(Data extract Opens)

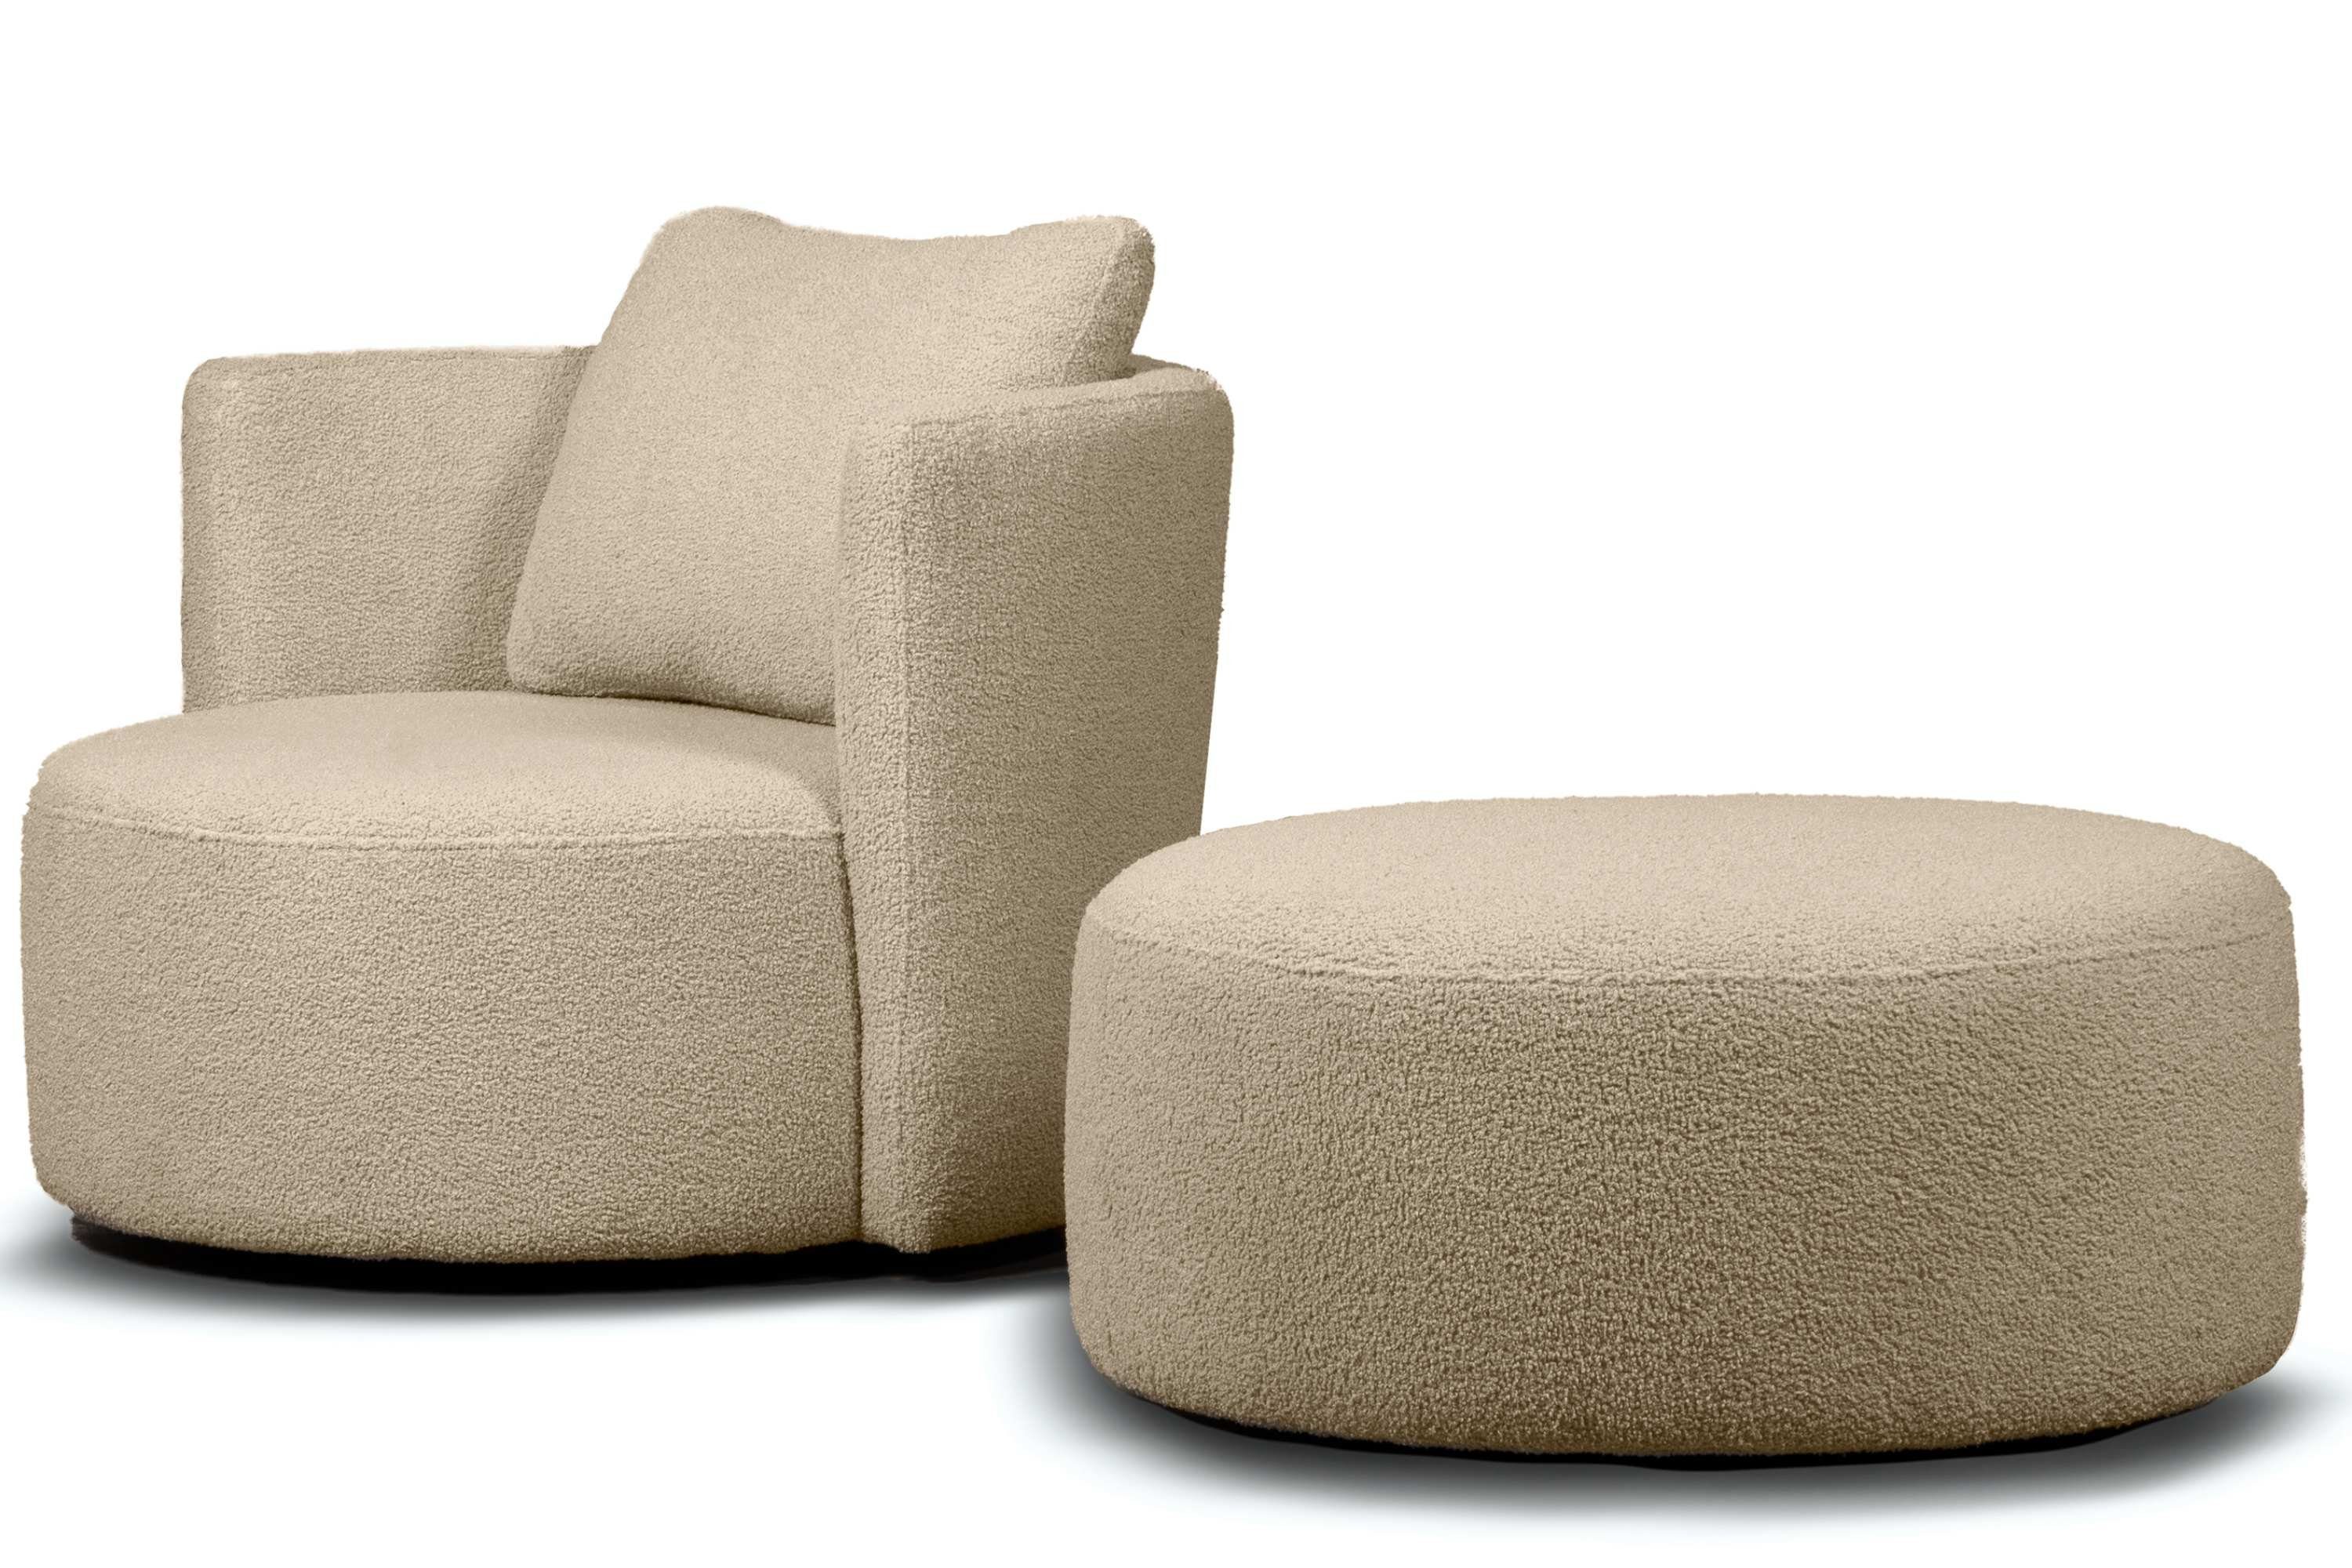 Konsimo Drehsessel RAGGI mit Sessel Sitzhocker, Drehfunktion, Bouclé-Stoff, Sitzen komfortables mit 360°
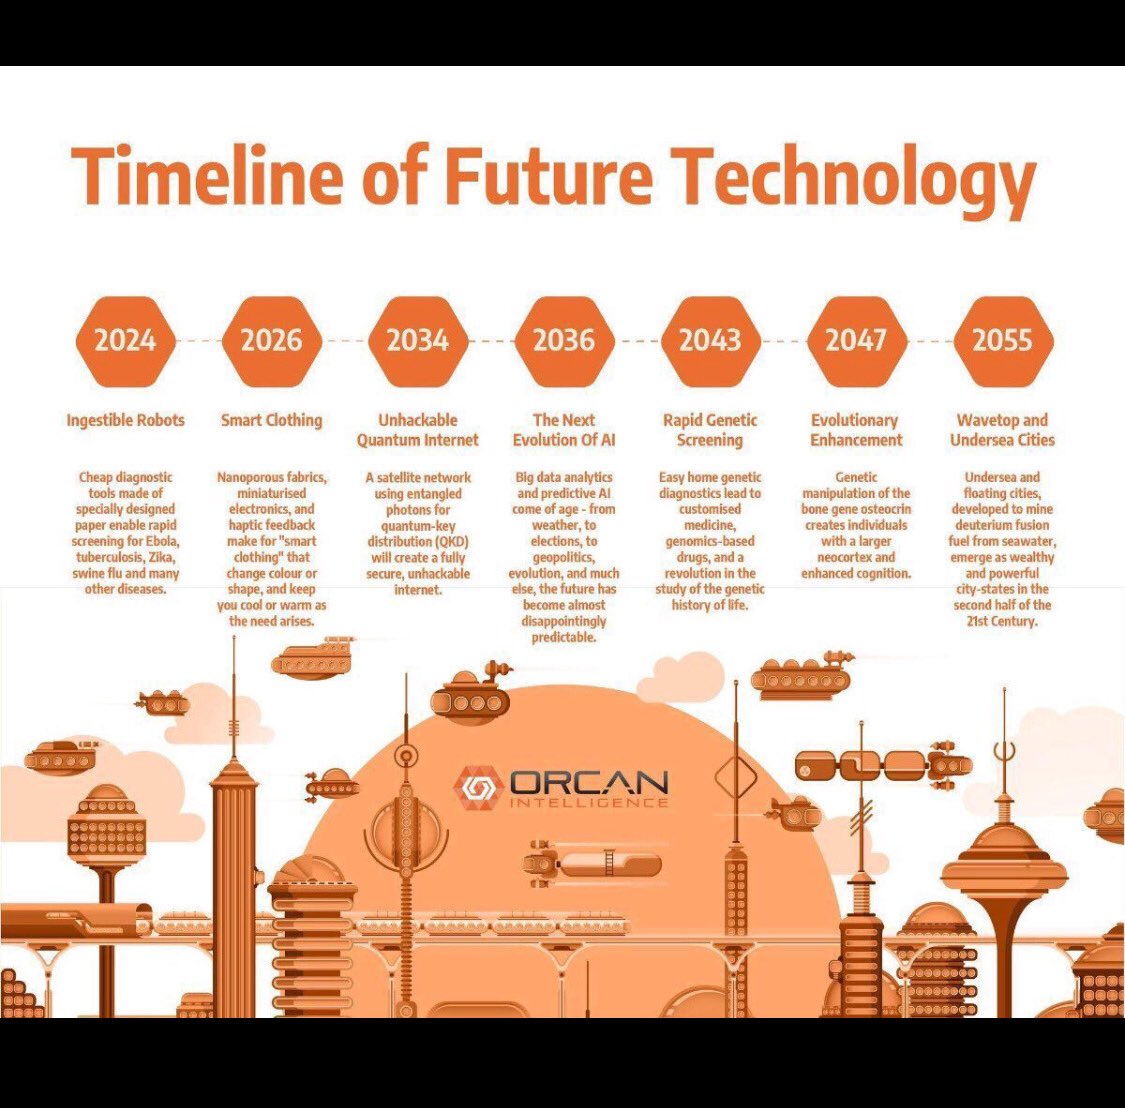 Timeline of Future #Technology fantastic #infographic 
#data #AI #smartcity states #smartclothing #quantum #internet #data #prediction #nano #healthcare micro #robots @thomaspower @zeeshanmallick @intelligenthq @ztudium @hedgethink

(Data extract Closes)

What you have to do: Copy the listing over exactly, skipping the pictures it holds.

Reply to the task:
 Konsimo Drehsessel RAGGI mit Sessel Sitzhocker, Drehfunktion, Bouclé-Stoff, Sitzen komfortables mit 360°
 Timeline of Future #Technology fantastic #infographic 
#data #AI #smartcity states #smartclothing #quantum #internet #data #prediction #nano #healthcare micro #robots @thomaspower @zeeshanmallick @intelligenthq @ztudium @hedgethink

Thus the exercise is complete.